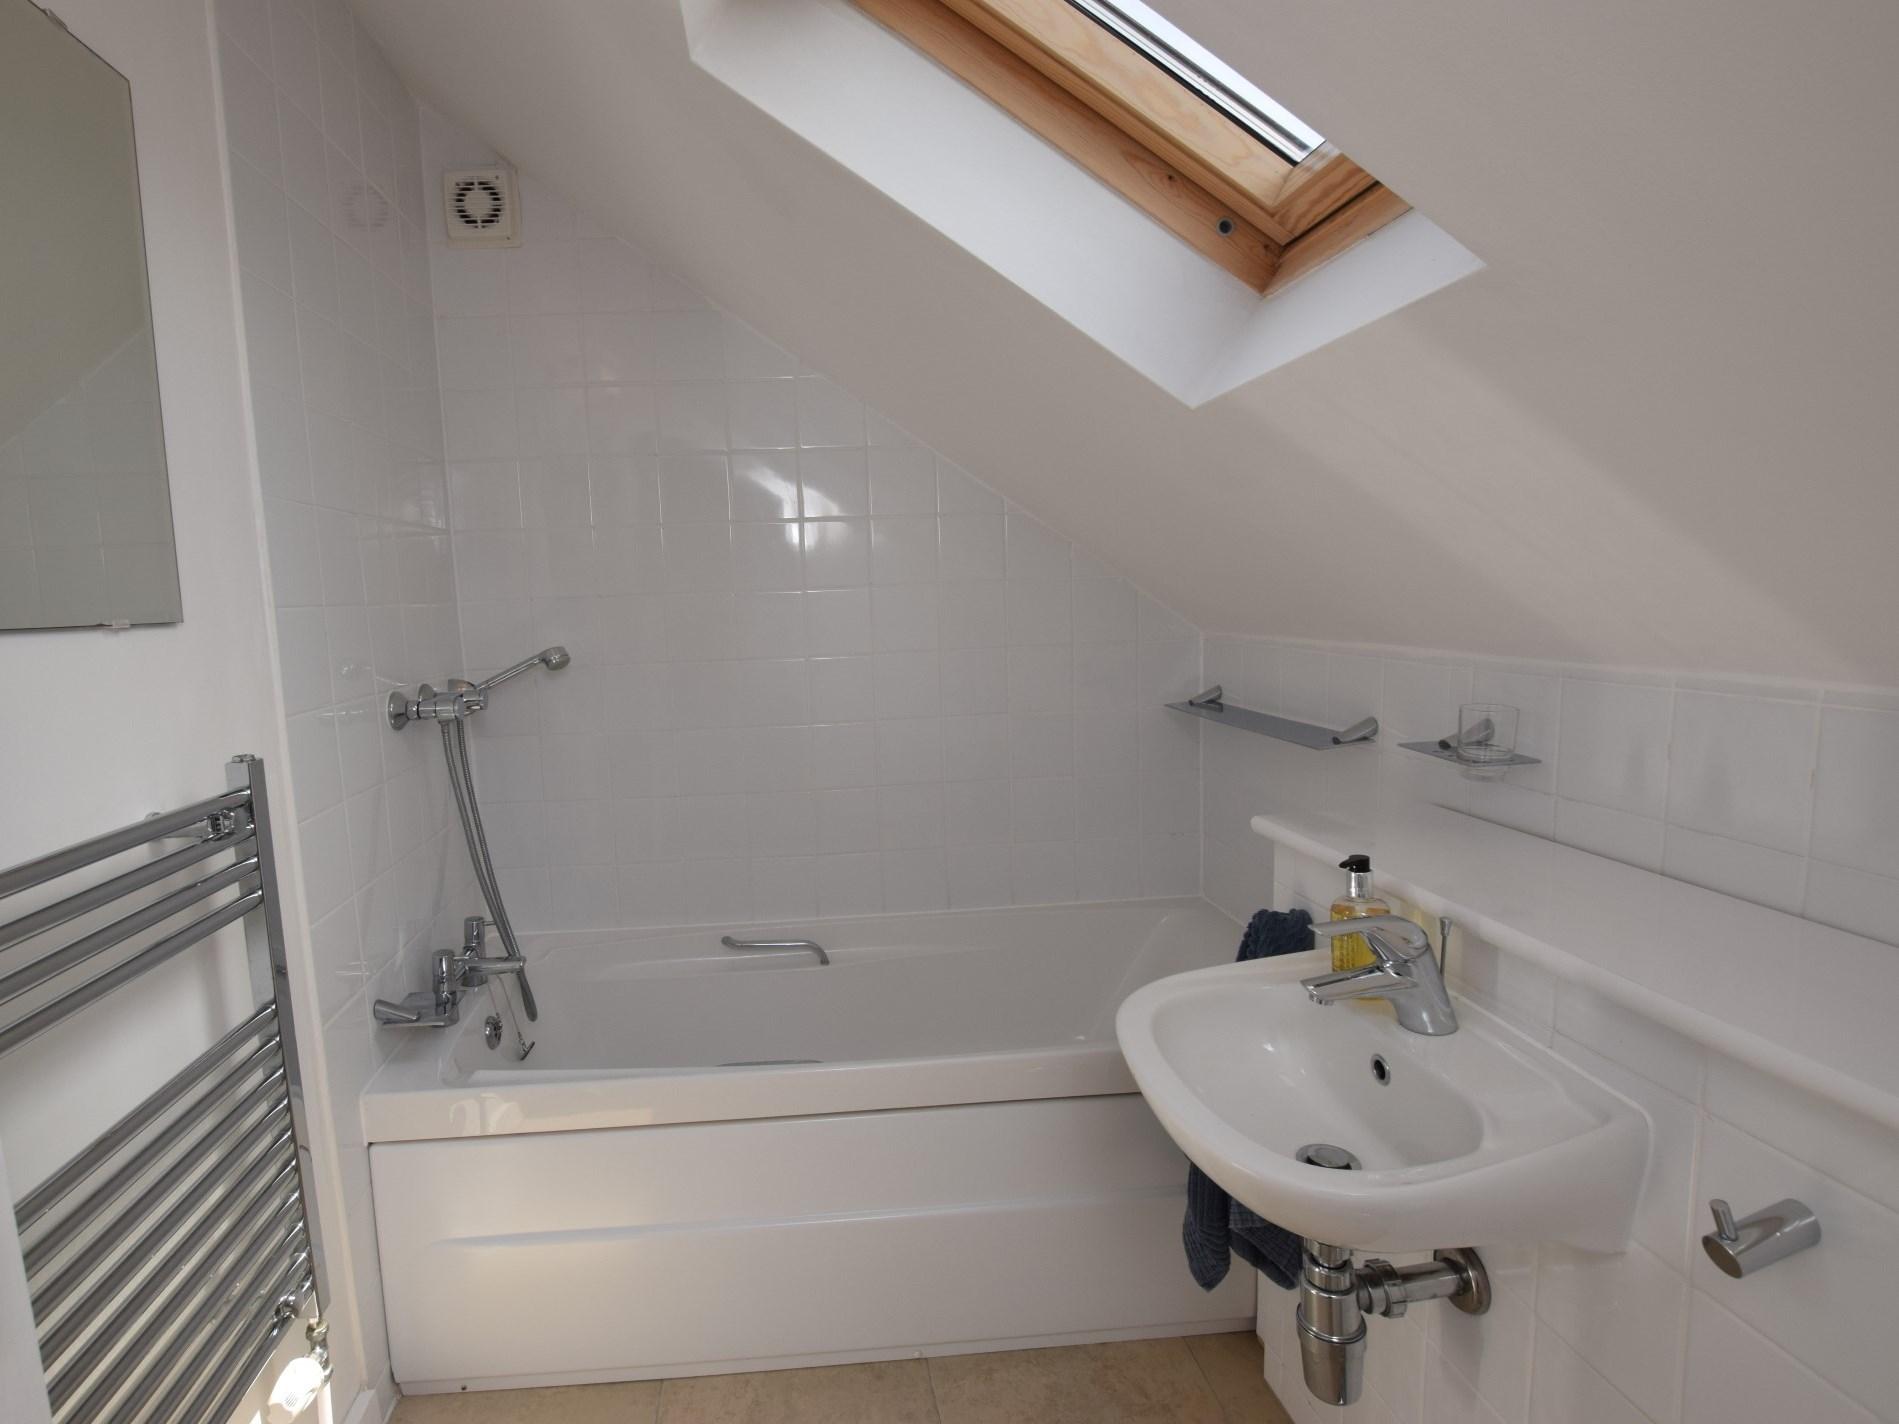 Upstairs bath with hand shower
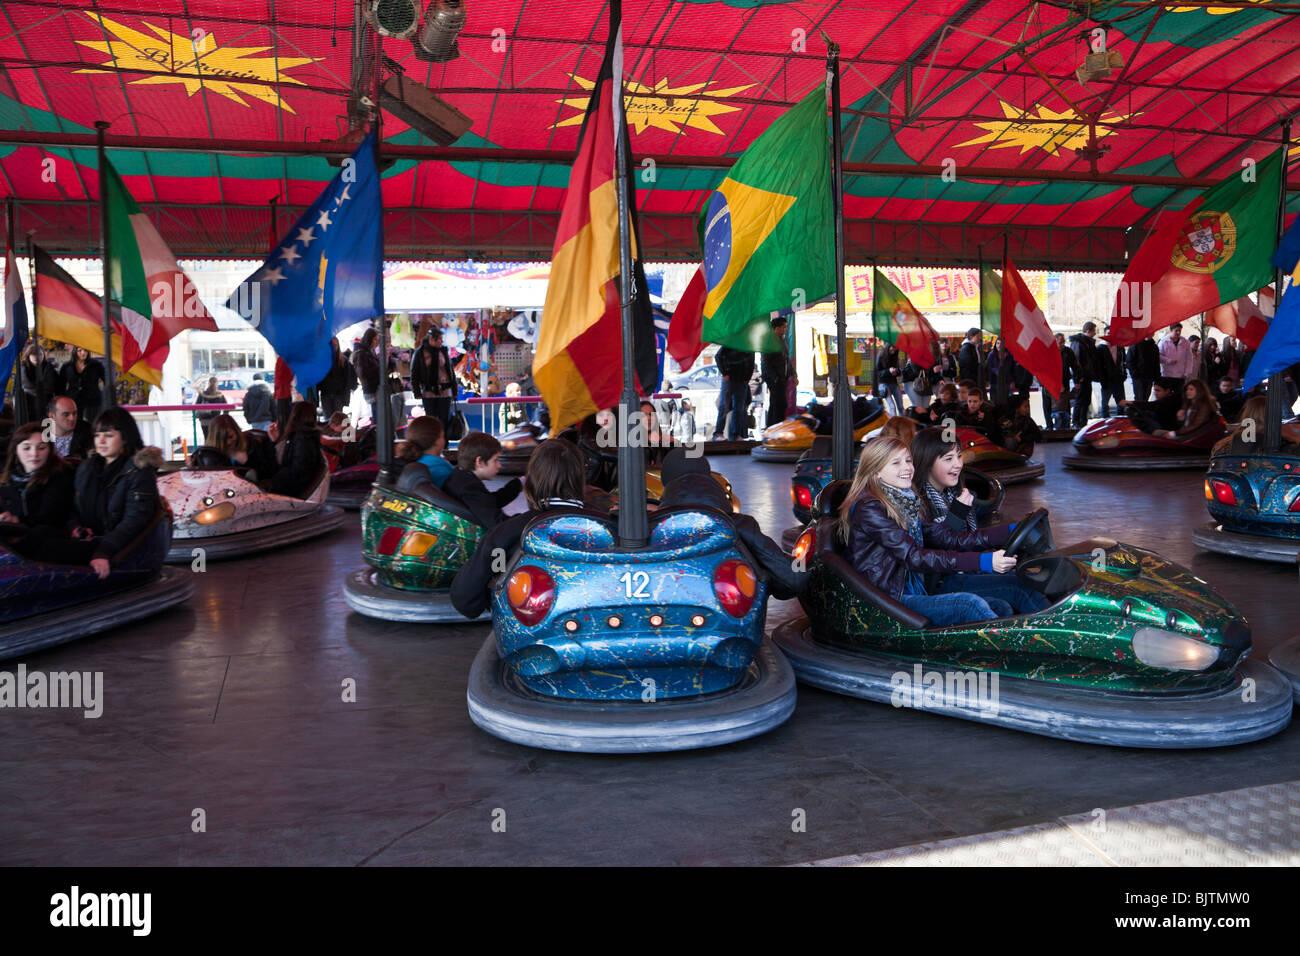 Teenagers Having Fun On A Bumper Car Ride, Dodgem Cars
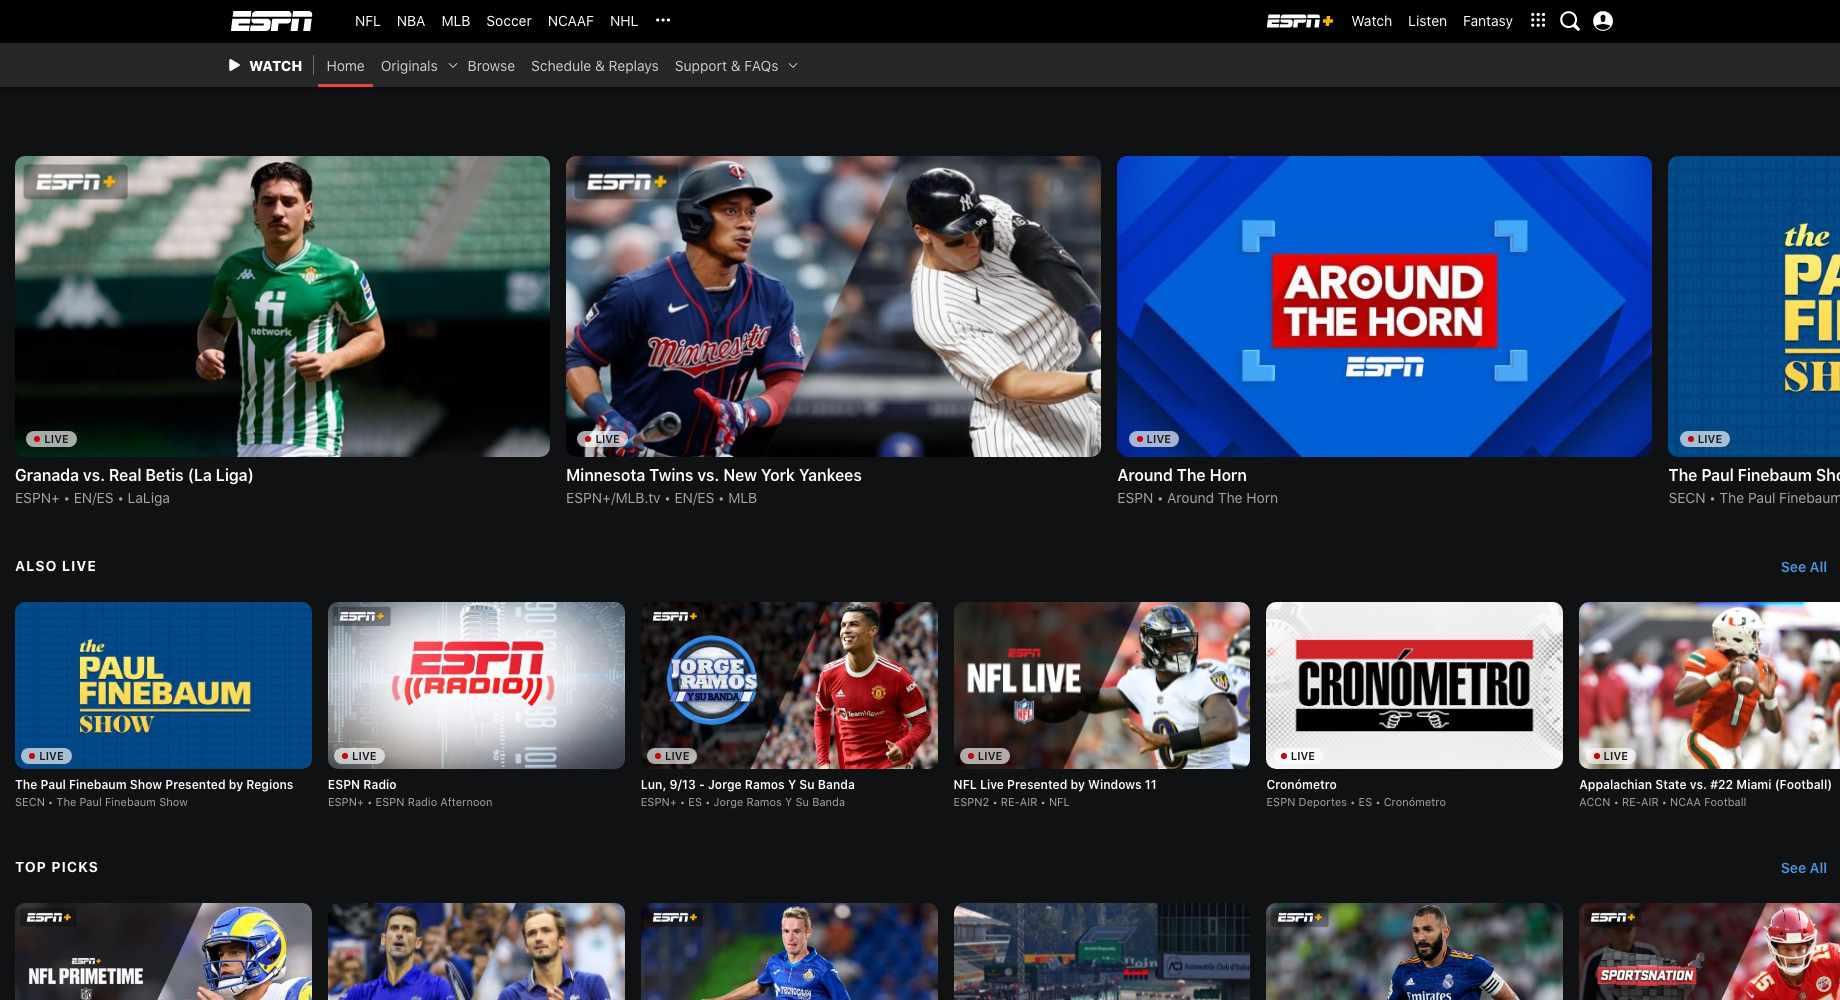 ESPN online
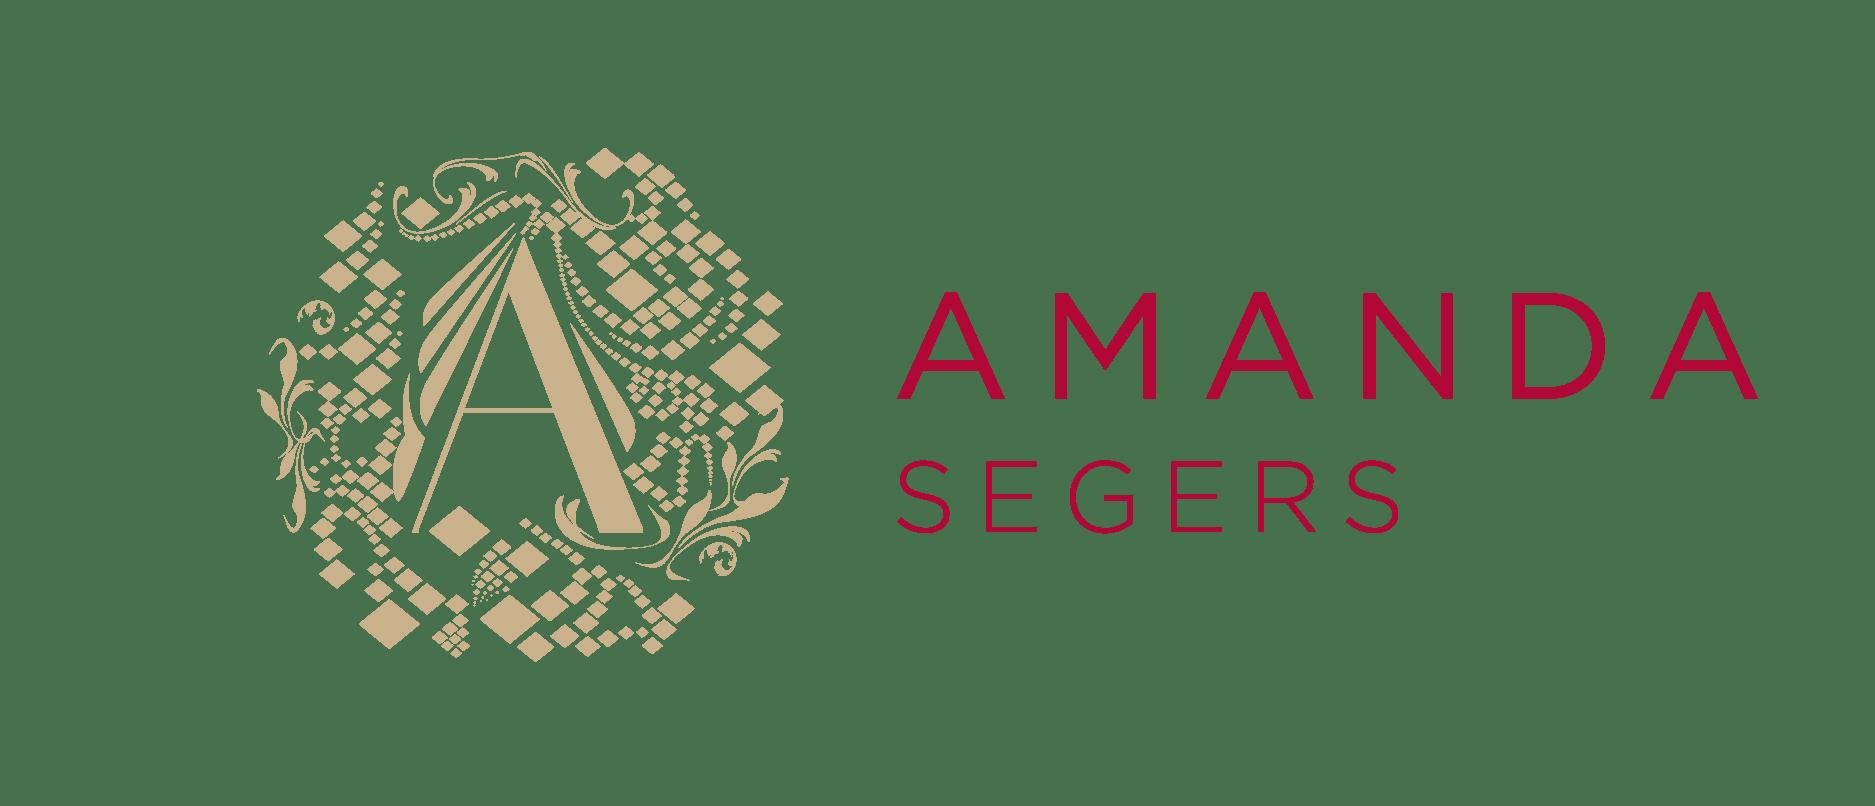 Amanda Segers

◆ ◆ ◆ ◆

_Work request_
Send back every line of the listing exactly. Omit the images.

_Exercise answer_
 Upstairs bath with hand shower
 Teenagers Having Fun On A Bumper Car Ride, Dodgem Cars
 ESPN online
 Amanda Segers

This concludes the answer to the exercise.